The final chapter on the era of authoritarian economic liberalisation under Anwar Sadat and Hosni Mubarak provides a necessary backdrop to Egypt's ongoing revolution, even though AlSayyad's book was finished before the January 25 uprising. Beginning in the late 1970s, the Egyptian government focused urban planning on new satellite cities on Cairo's eastern and western desert edges. Designed to ease congestion and signal progress - a blank-slate building opportunity not unlike the belle époque downtown area planned under Khedive Ismail around the opening of the Suez Canal - the desert cities have in fact underwritten Cairo's social and spatial stratification. Often built on military land sold to crony developers at cut-rate prices to drive a speculative real estate boom, under Mubarak the desert cities became part of the regime's vast network of corruption and patronage.
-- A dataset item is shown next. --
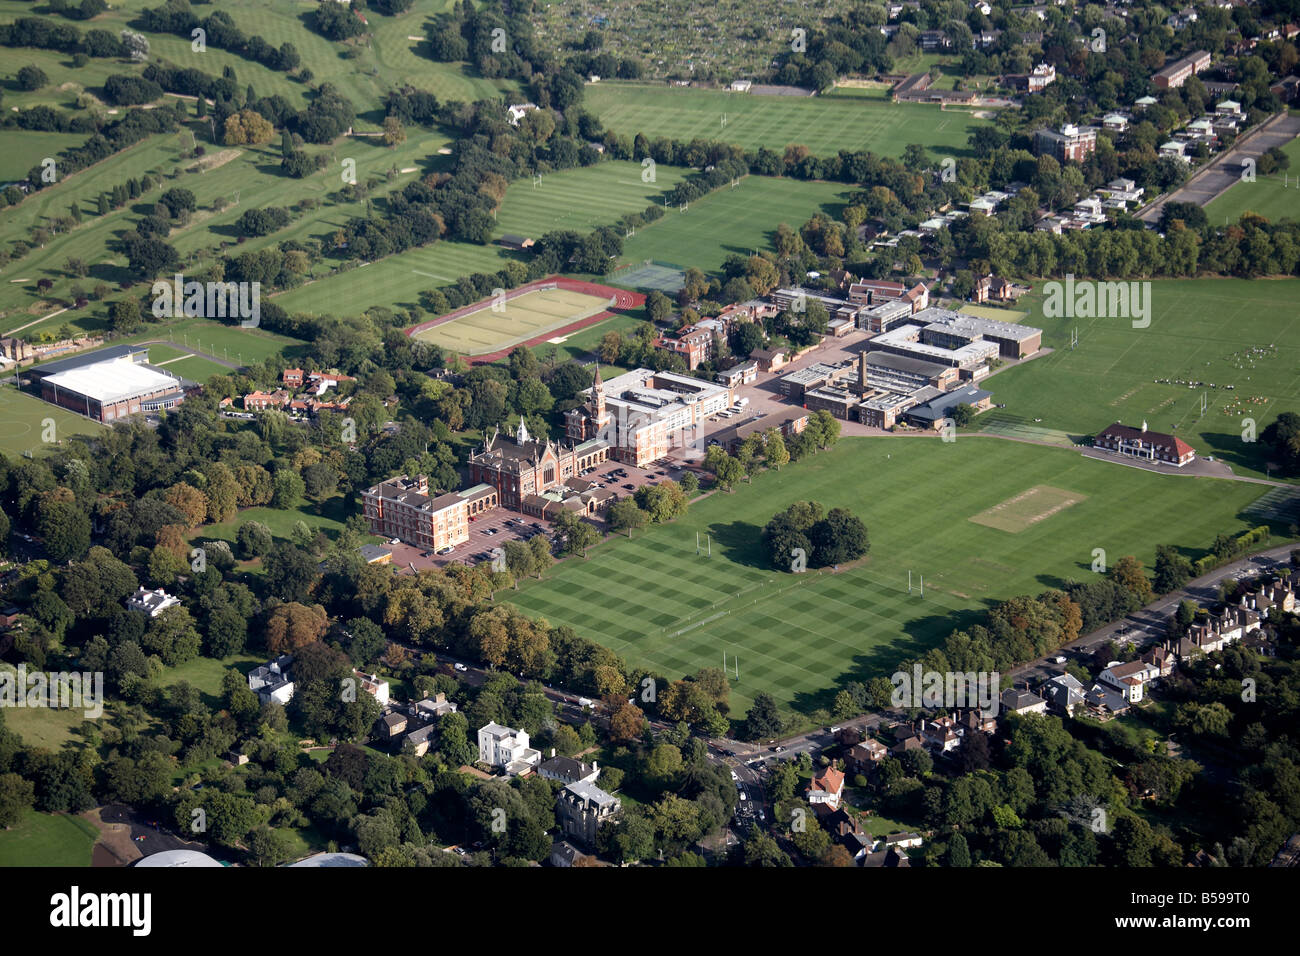 Aerial view south east of Dulwich College playing fields tennis courts Alleyn Park Road Dulwich Common A205 road London SE21 UK Stock Photo

Meanwhile, the majority of Cairenes, an estimated 11 million people, live in ever-expanding "informal" areas - "extralegal" neighbourhoods, to quote economist David Sims, some of these slums, hastily built on former agricultural and desert land without building permits, urban planning, or municipal services and representation. The desert cities, which tapped planning budgets and strained infrastructure and transportation networks, and the environment, were expected in rosy government planning reports to already house millions of Cairenes. Sims estimates they are home to no more than 800,000 people.
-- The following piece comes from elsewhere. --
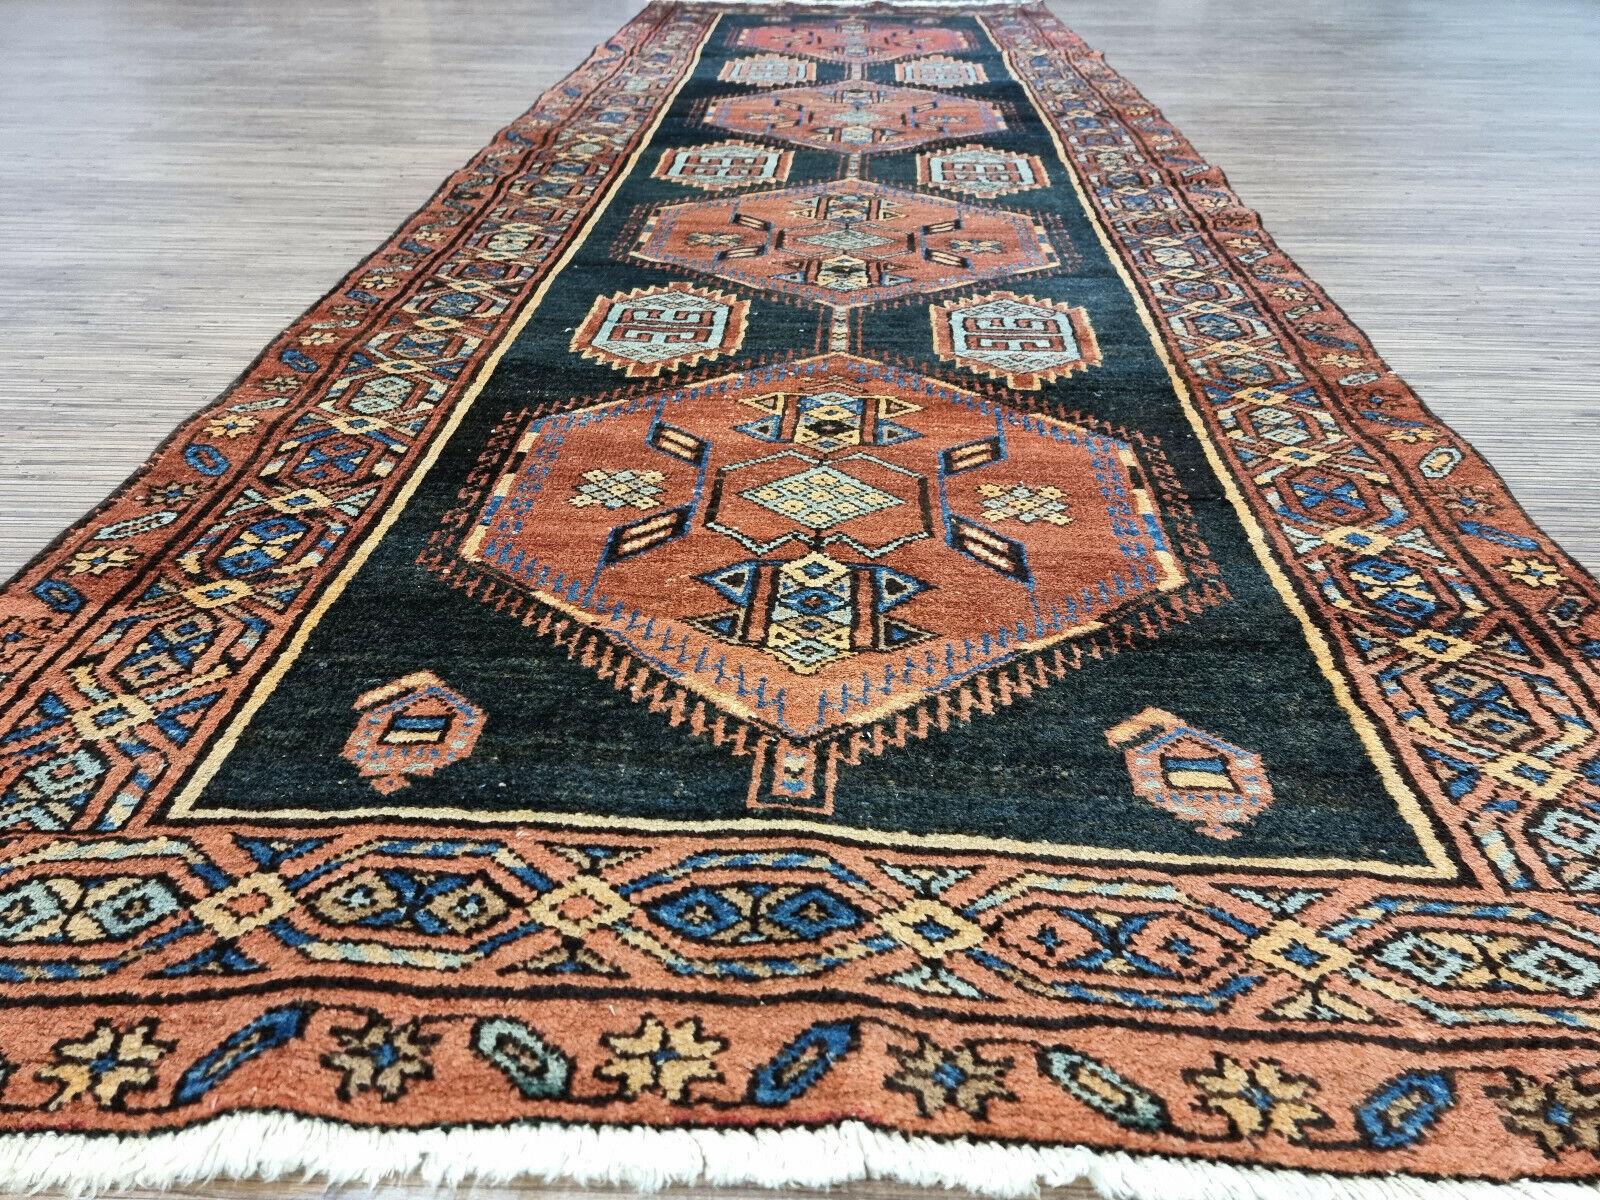 Hand-Knotted Handmade Antique Persian Style Hamadan Rug 3.2' x 9.1', 1920s - 1D105

Like Gérôme's inverted scene and the Comité's construction of medieval heritage, the singular focus on desert cities sought to remake Cairo, this time along the lines of the Gulf, infatuated with newness, gated enclaves, and evermore concrete. As the development narrative of a neoliberal regime, it fits into AlSayyad's histories of Cairo - which is to say it is another effort to frame the city as something that it is not. But the Egyptians who brought down Mubarak represent the other, crucial fact of Cairo's histories: no one owns the city, its past, or its future.

Frederick Deknatel, a masters candidate in modern Middle Eastern studies at Oxford University, has written for The Nation, Architectural Record and other publications.